What is expected -
Retype all data exactly as given. Pictures should not be retyped.

Data below -
········

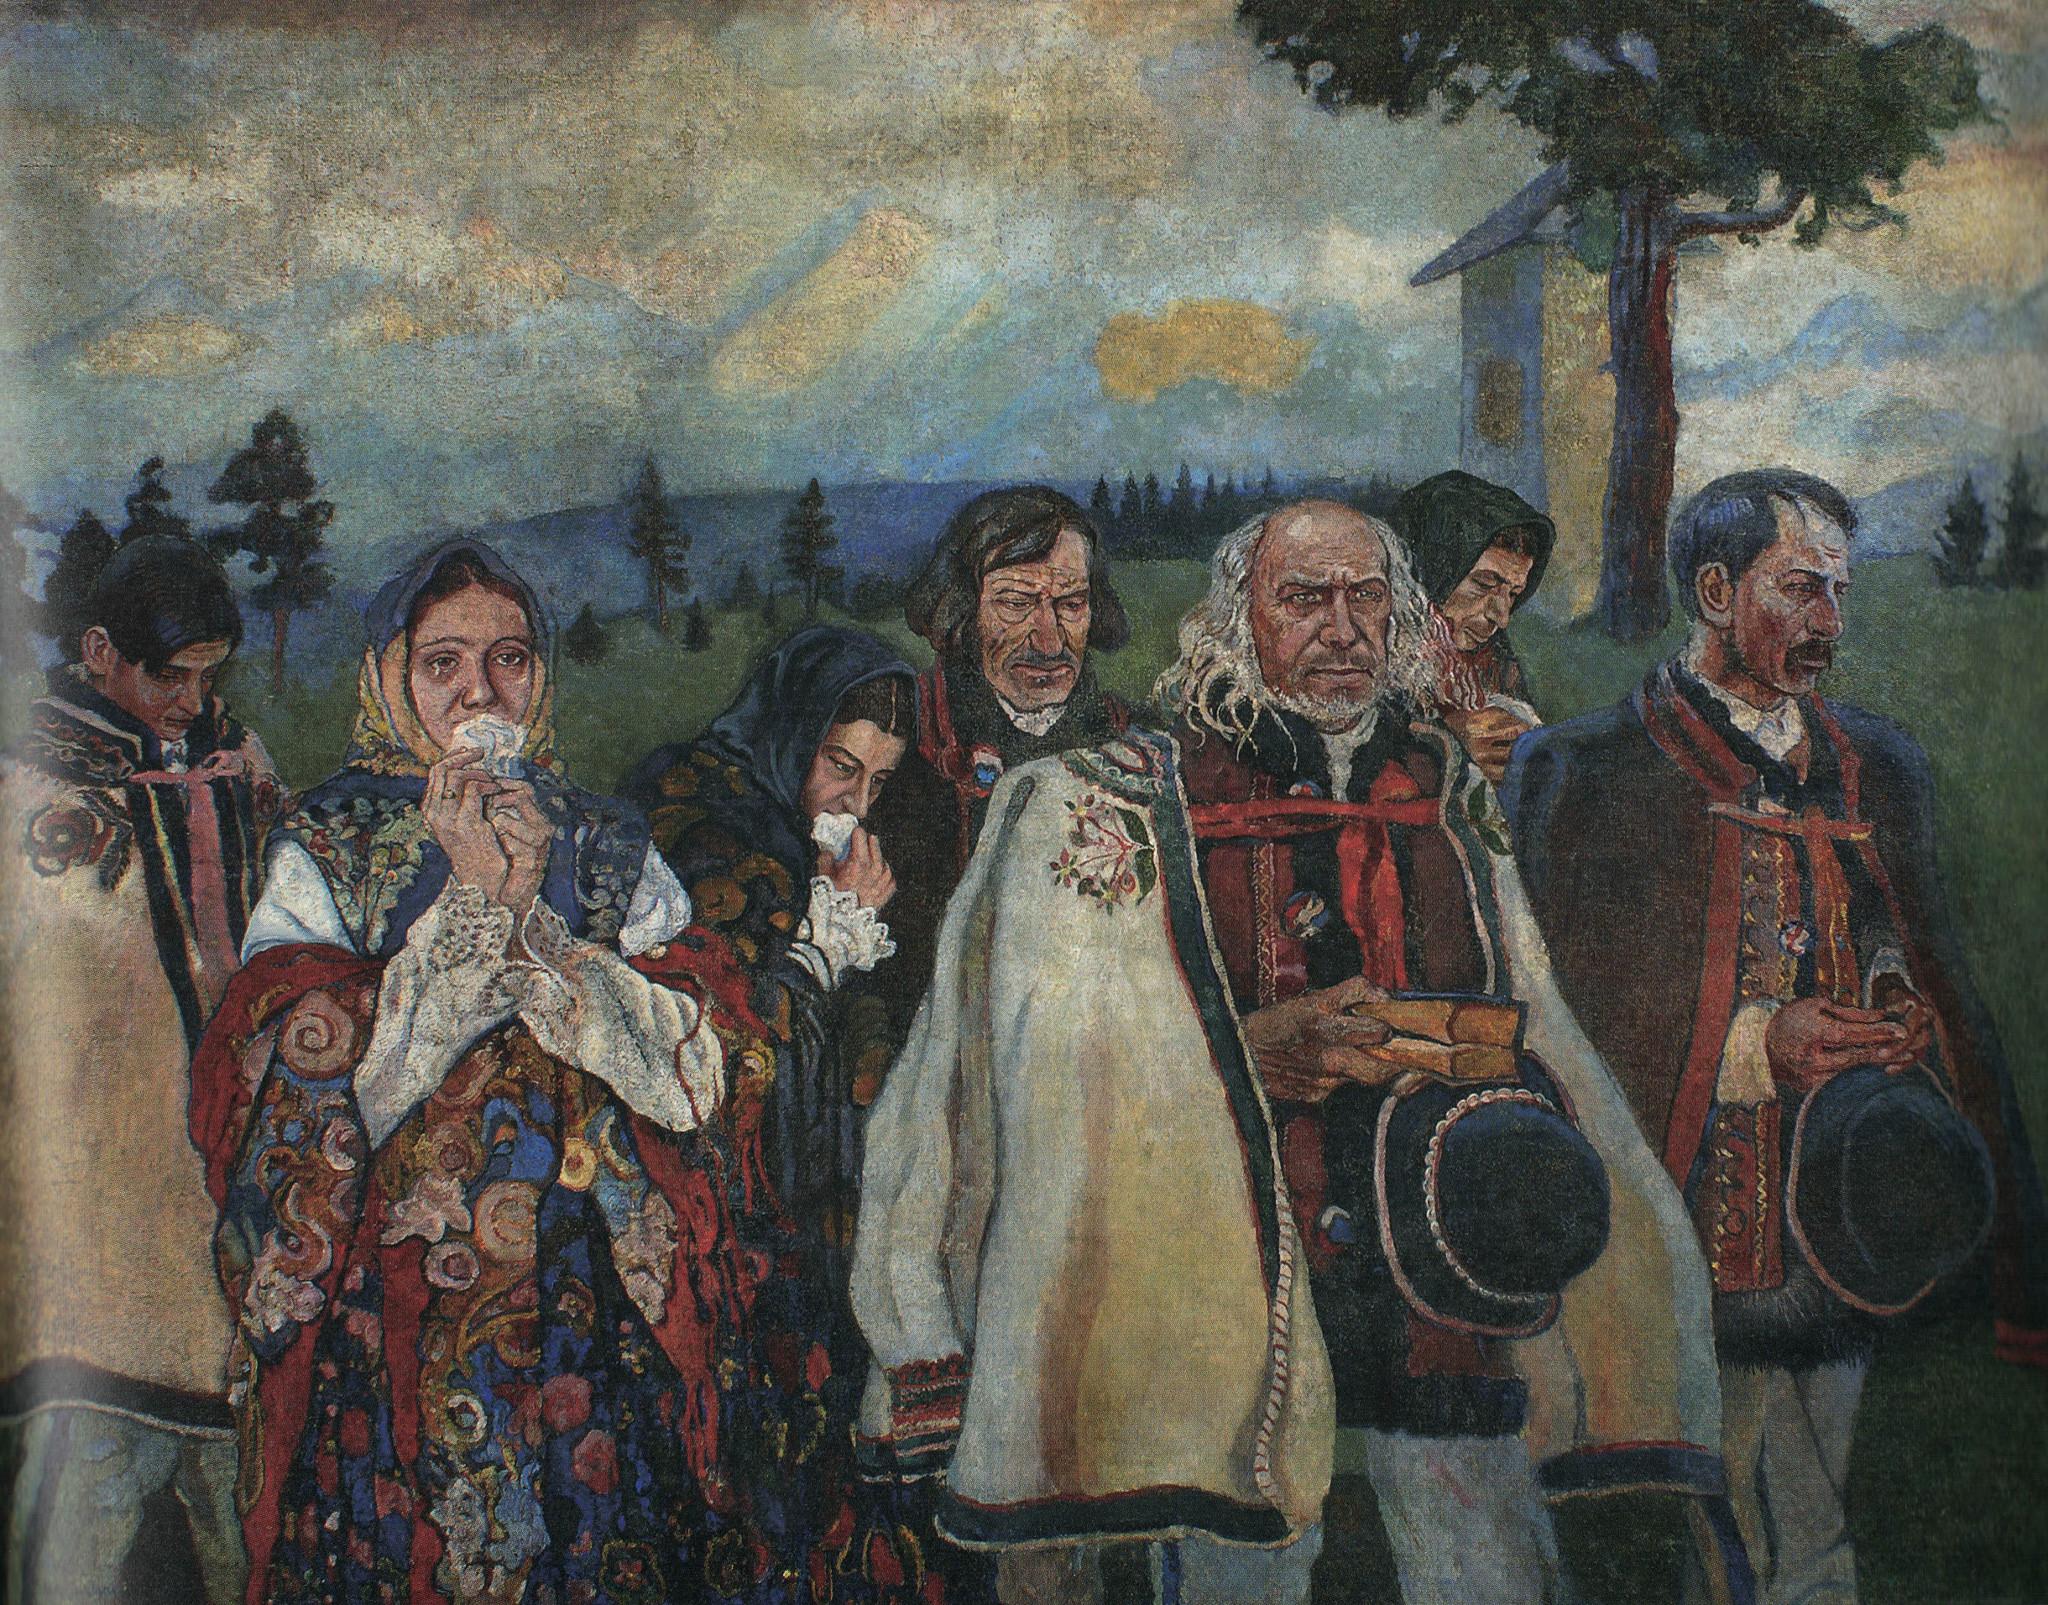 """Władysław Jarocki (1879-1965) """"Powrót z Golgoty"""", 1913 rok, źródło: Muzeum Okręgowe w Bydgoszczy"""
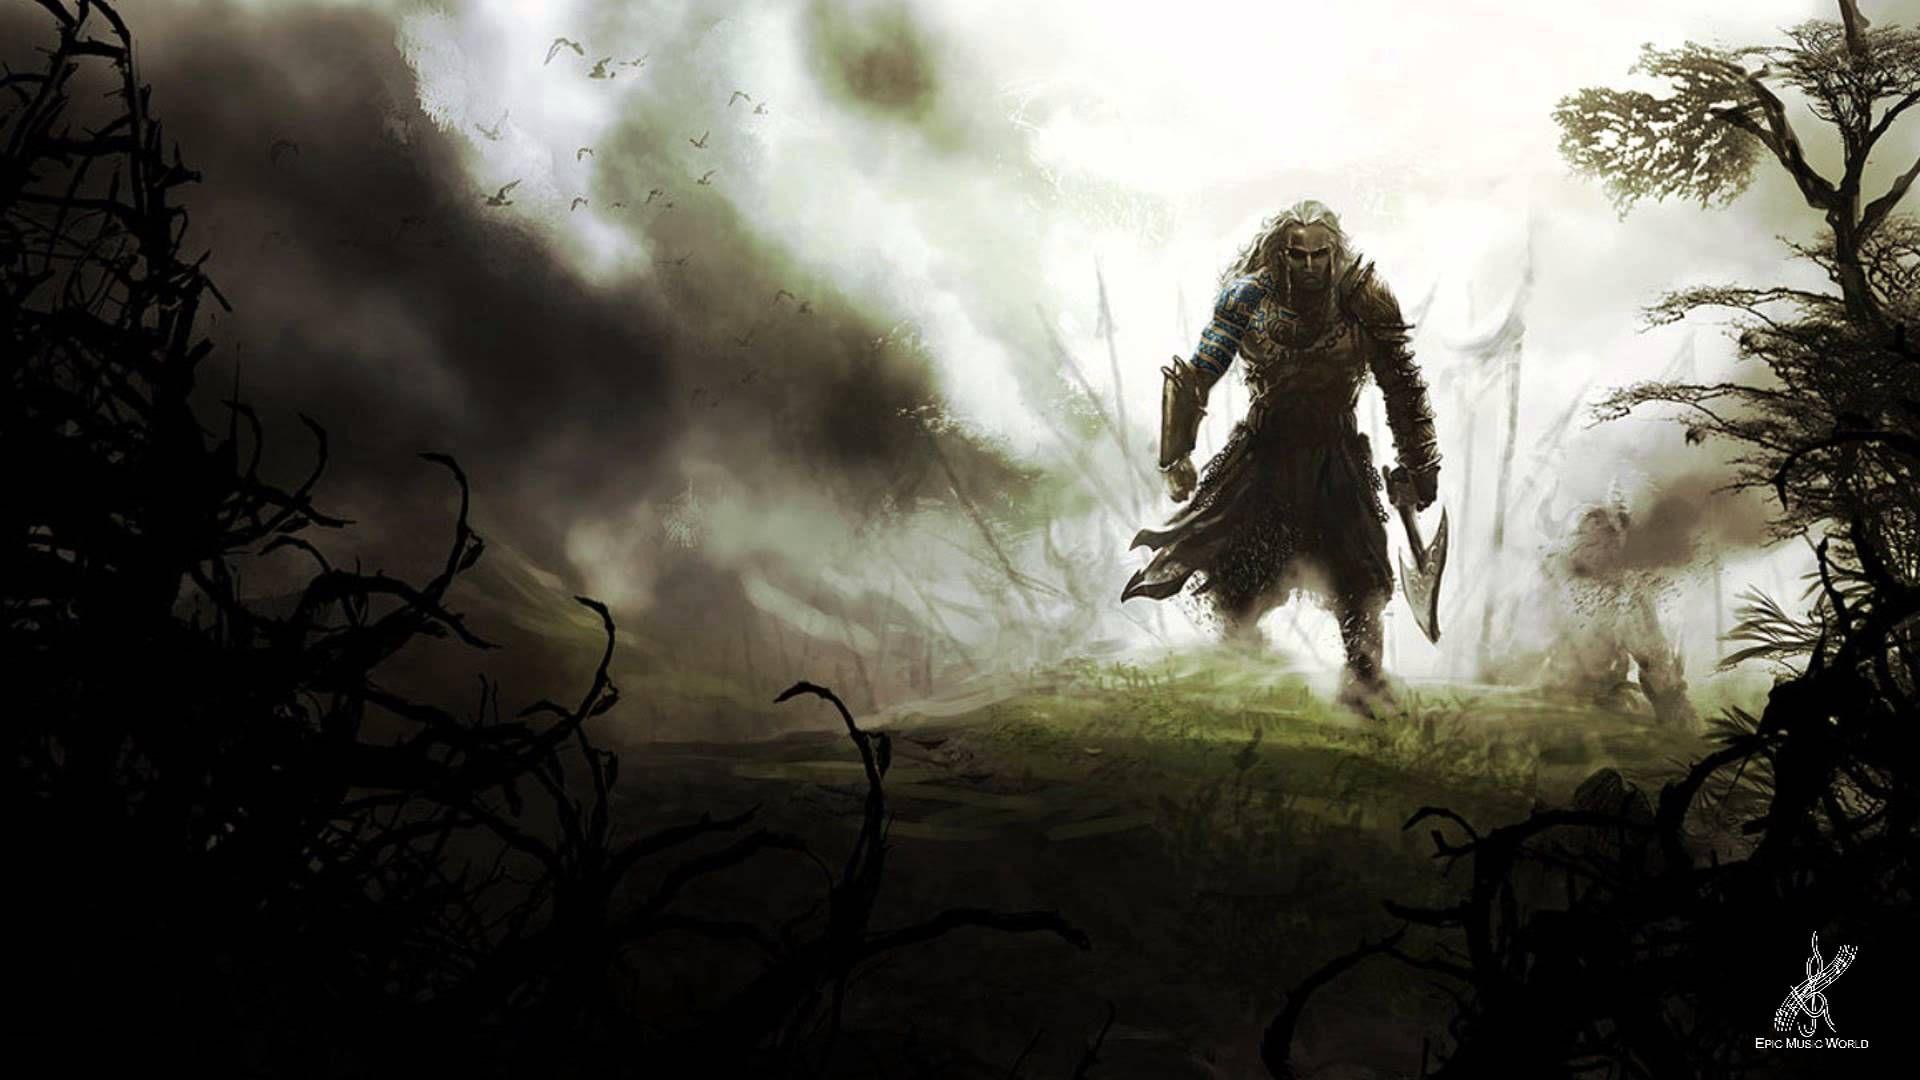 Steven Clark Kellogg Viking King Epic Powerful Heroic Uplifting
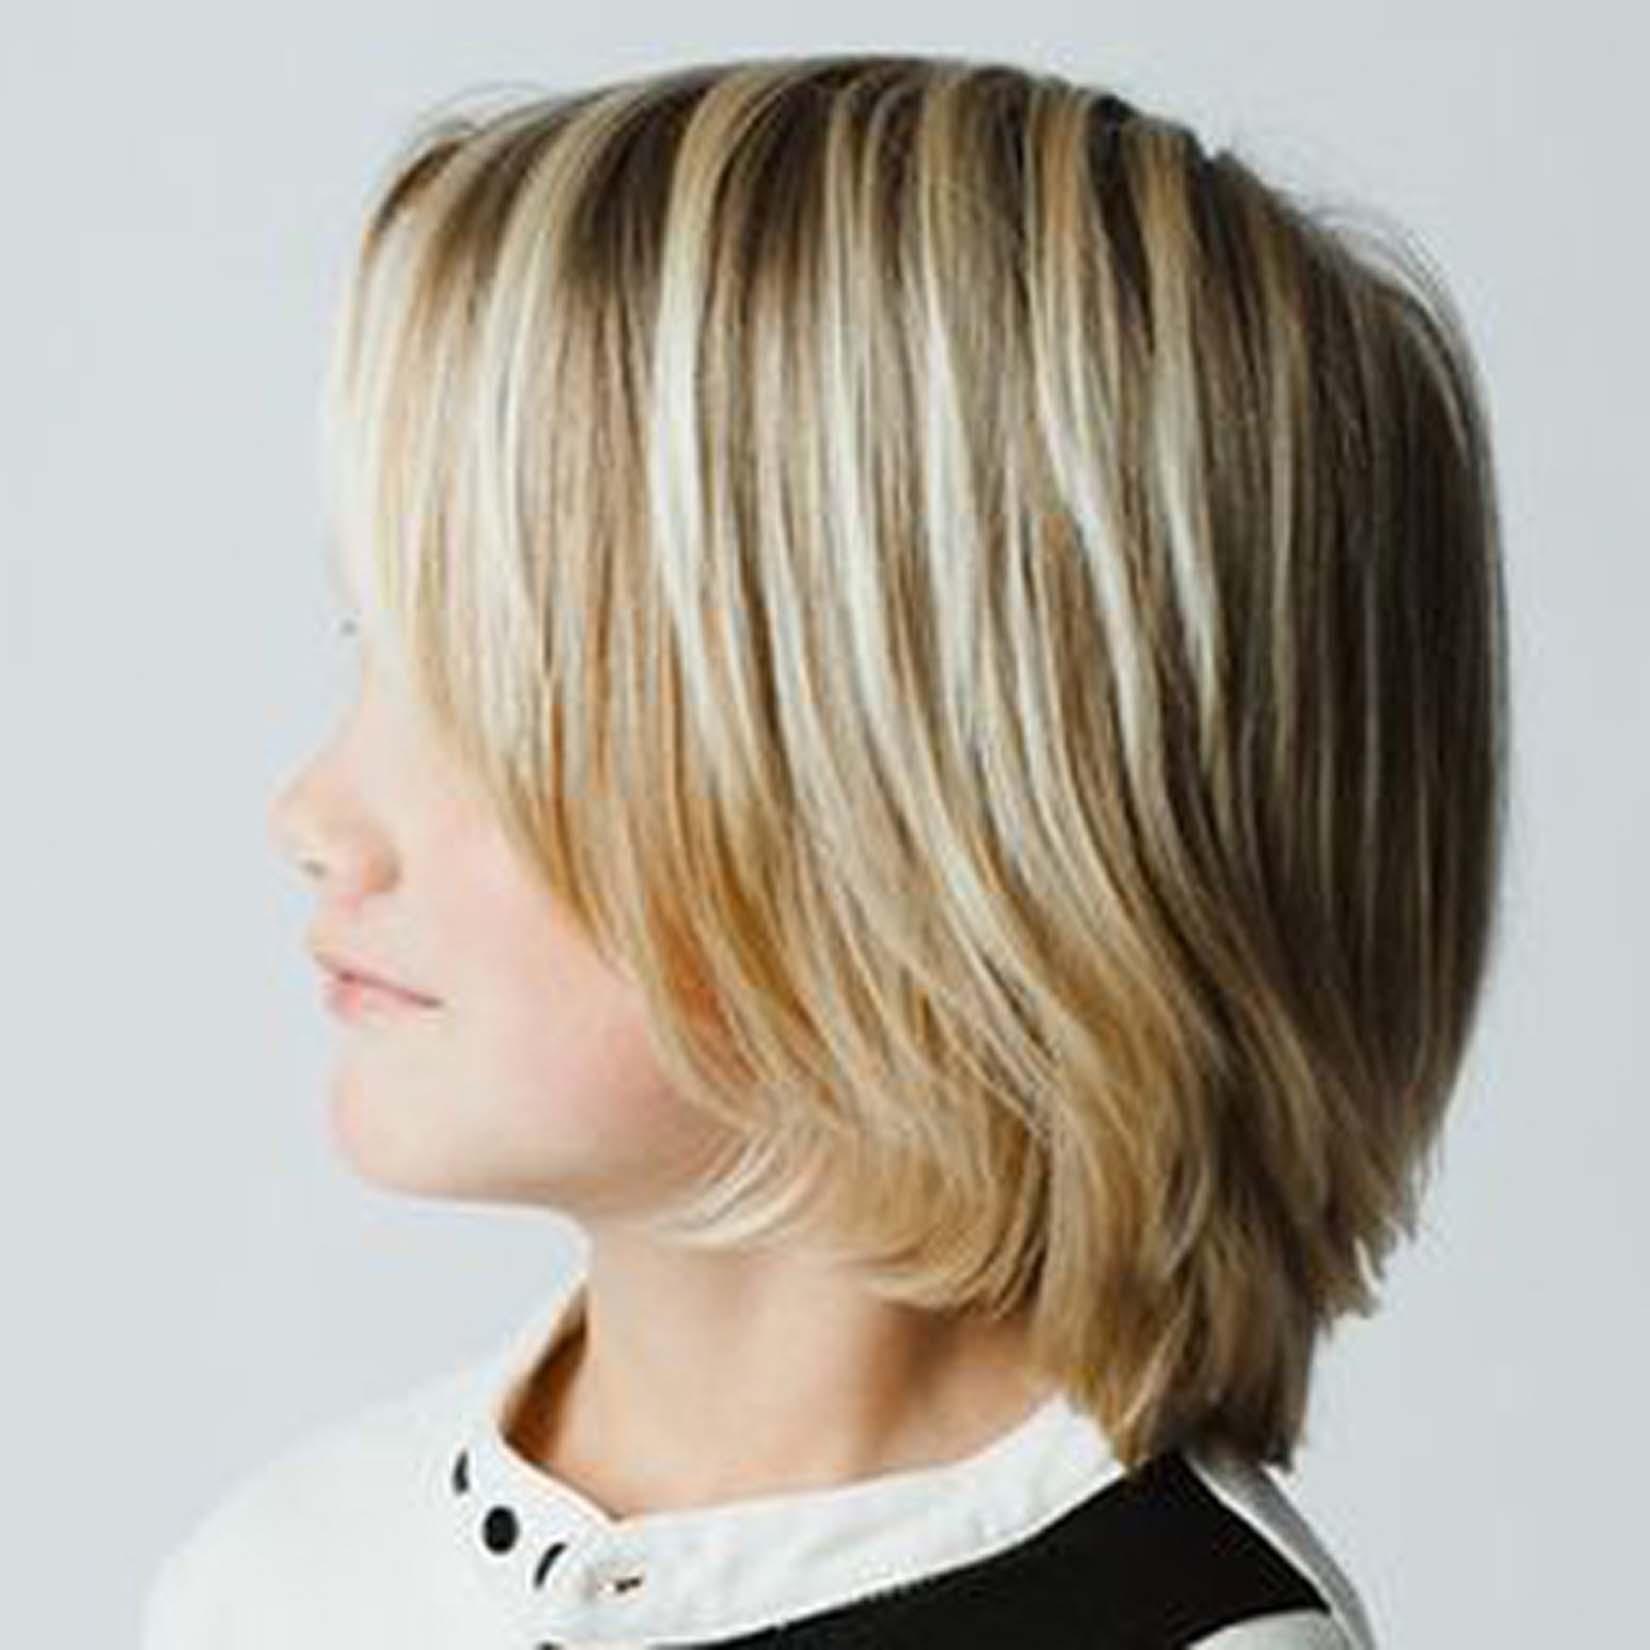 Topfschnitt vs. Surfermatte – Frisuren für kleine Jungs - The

········

Exercise result -
 """Władysław Jarocki (1879-1965) """"Powrót z Golgoty"""", 1913 rok, źródło: Muzeum Okręgowe w Bydgoszczy"""
 Steven Clark Kellogg Viking King Epic Powerful Heroic Uplifting
 Topfschnitt vs. Surfermatte – Frisuren für kleine Jungs - The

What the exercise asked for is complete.